96. If one zero of p(x) = x² – 3x + k is 1, find k. (NTSE 2020)

Answer: k = 2.
Solution: p(1) = 1² – 3(1) + k = 1 – 3 + k = 0. Thus, k = 2.

97. Find the zeros of p(x) = x² – 2x – 3. (CBSE 2019)

Answer: –1, 3.
Solution: x² – 2x – 3 = (x – 3)(x + 1) = 0. Zeros: x = 3, –1.

98. Form a quadratic polynomial with sum of zeros 2/3 and product –1/3. (Original)

Answer: 3x² – 2x – 1.
Solution: Sum = 2/3, Product = –1/3. Polynomial: x² – (2/3)x – 1/3. Multiply by 3: 3x² – 2x – 1.

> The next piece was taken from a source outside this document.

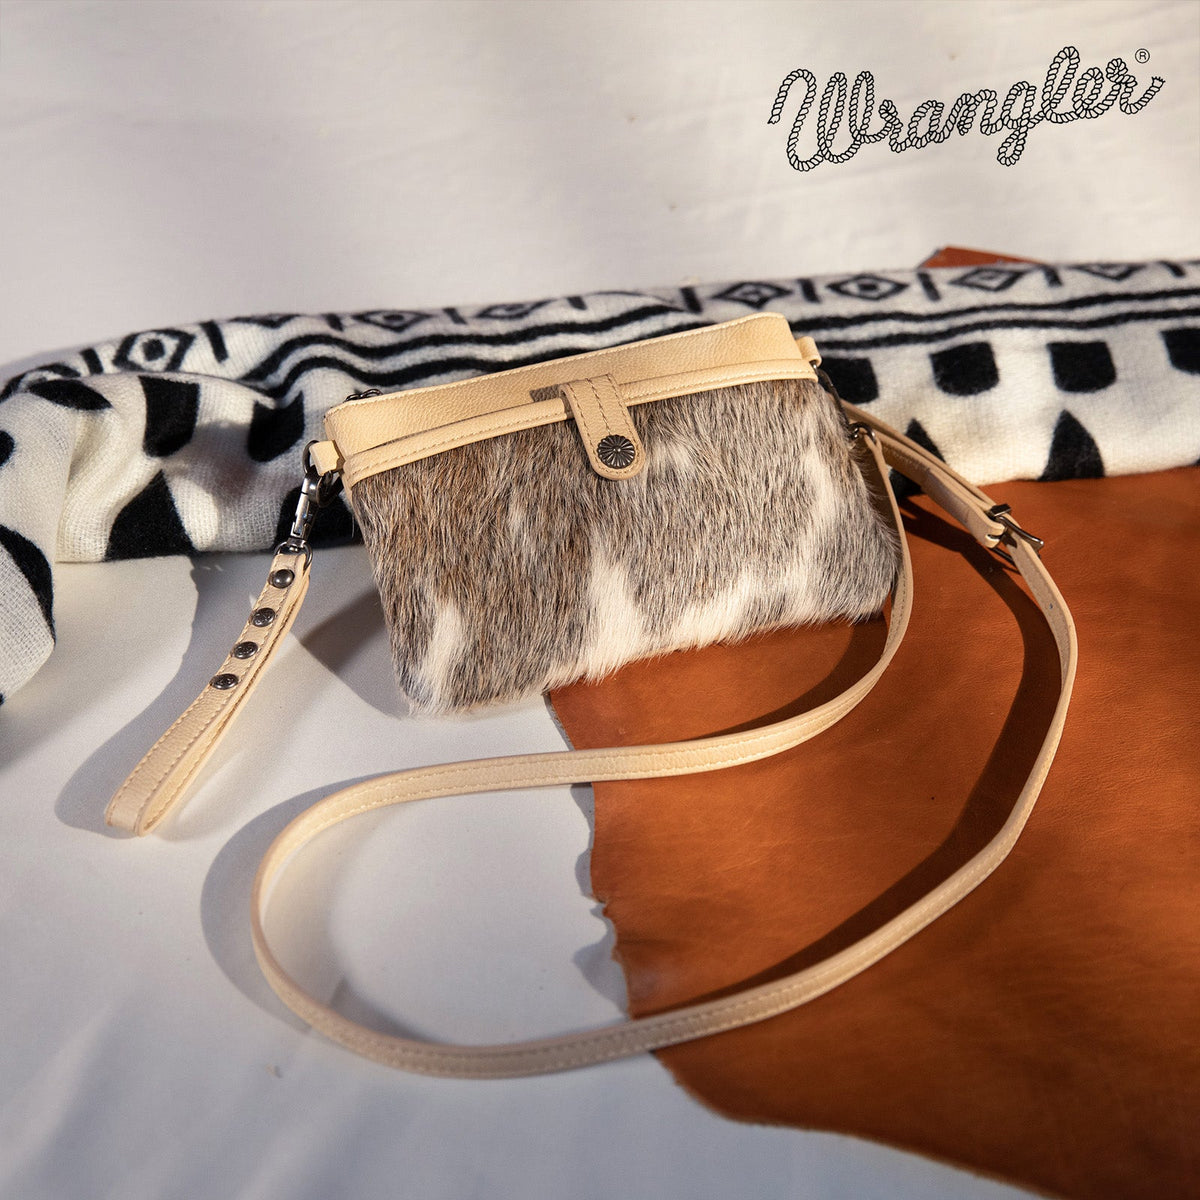 Wrangler Hair-On Cowhide Collection Crossbody - Cowgirl Wear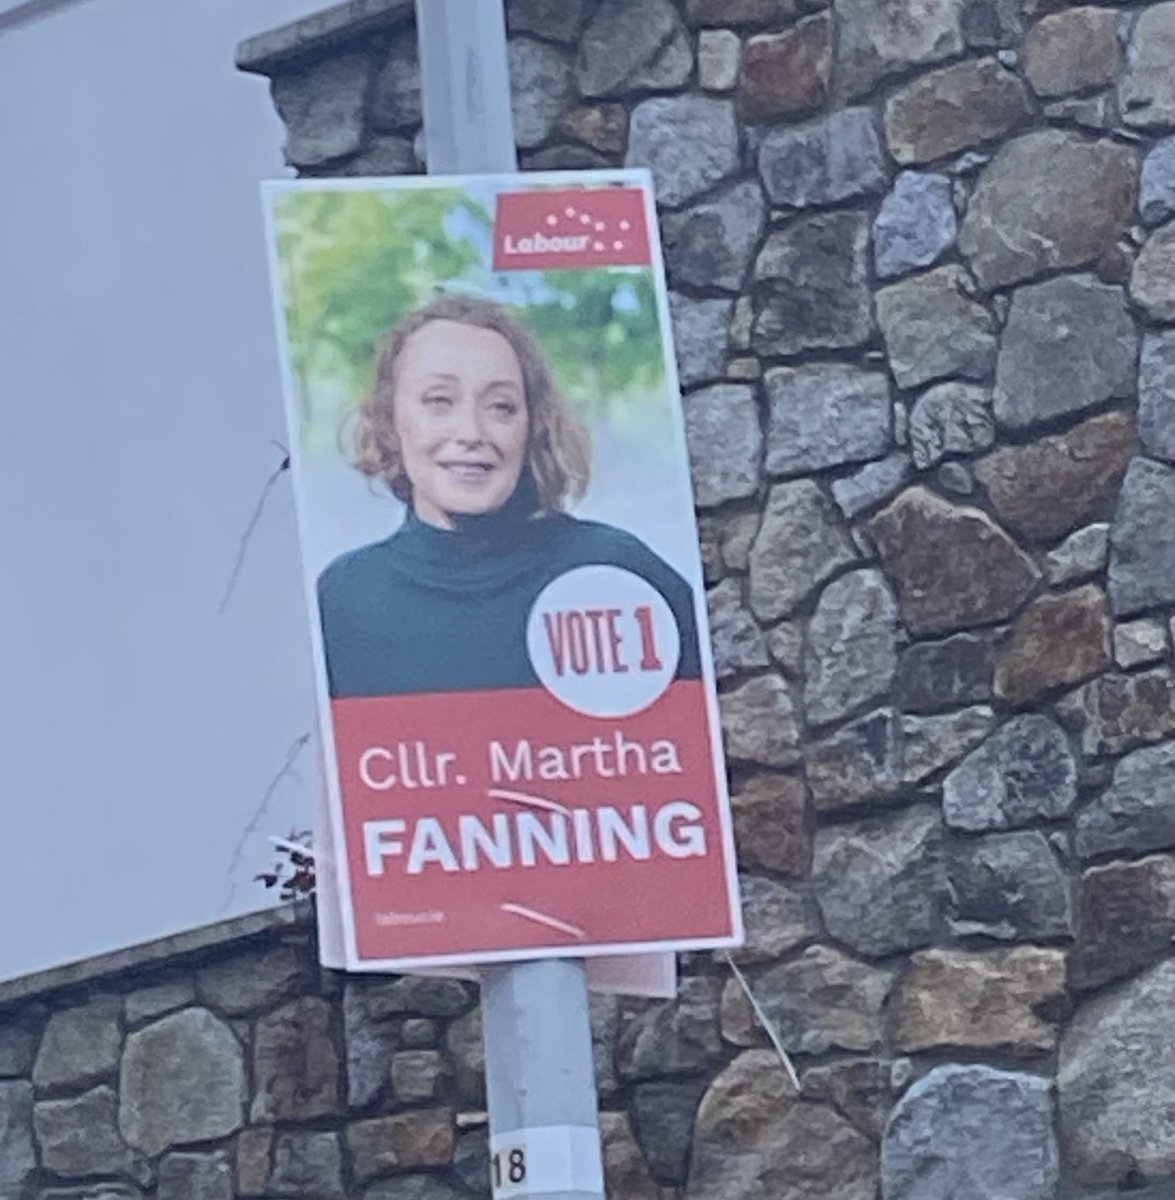 Driving home tonight with my 👦🏻🚙 Thinking in the age of social media do these election posters work at all 🤔 Then my 👦🏻 piped up that lady called to house the other day 🏠😂 ⁦@marthafanning⁩ 🙌

99. Verify if 1 is a zero of p(x) = x³ – 2x² + x – 2. (NCERT Exemplar)

Answer: No.
Solution: p(1) = 1³ – 2(1²) + 1 – 2 = 1 – 2 + 1 – 2 = –2 ≠ 0. Thus, 1 is not a zero.

100. Find the sum and product of zeros of p(x) = x² + 7x + 10. (CBSE 2020)

Answer: Sum = –7, Product = 10.
Solution: a = 1, b = 7, c = 10. Sum = –b/a = –7/1 = –7, Product = c/a = 10/1 = 10.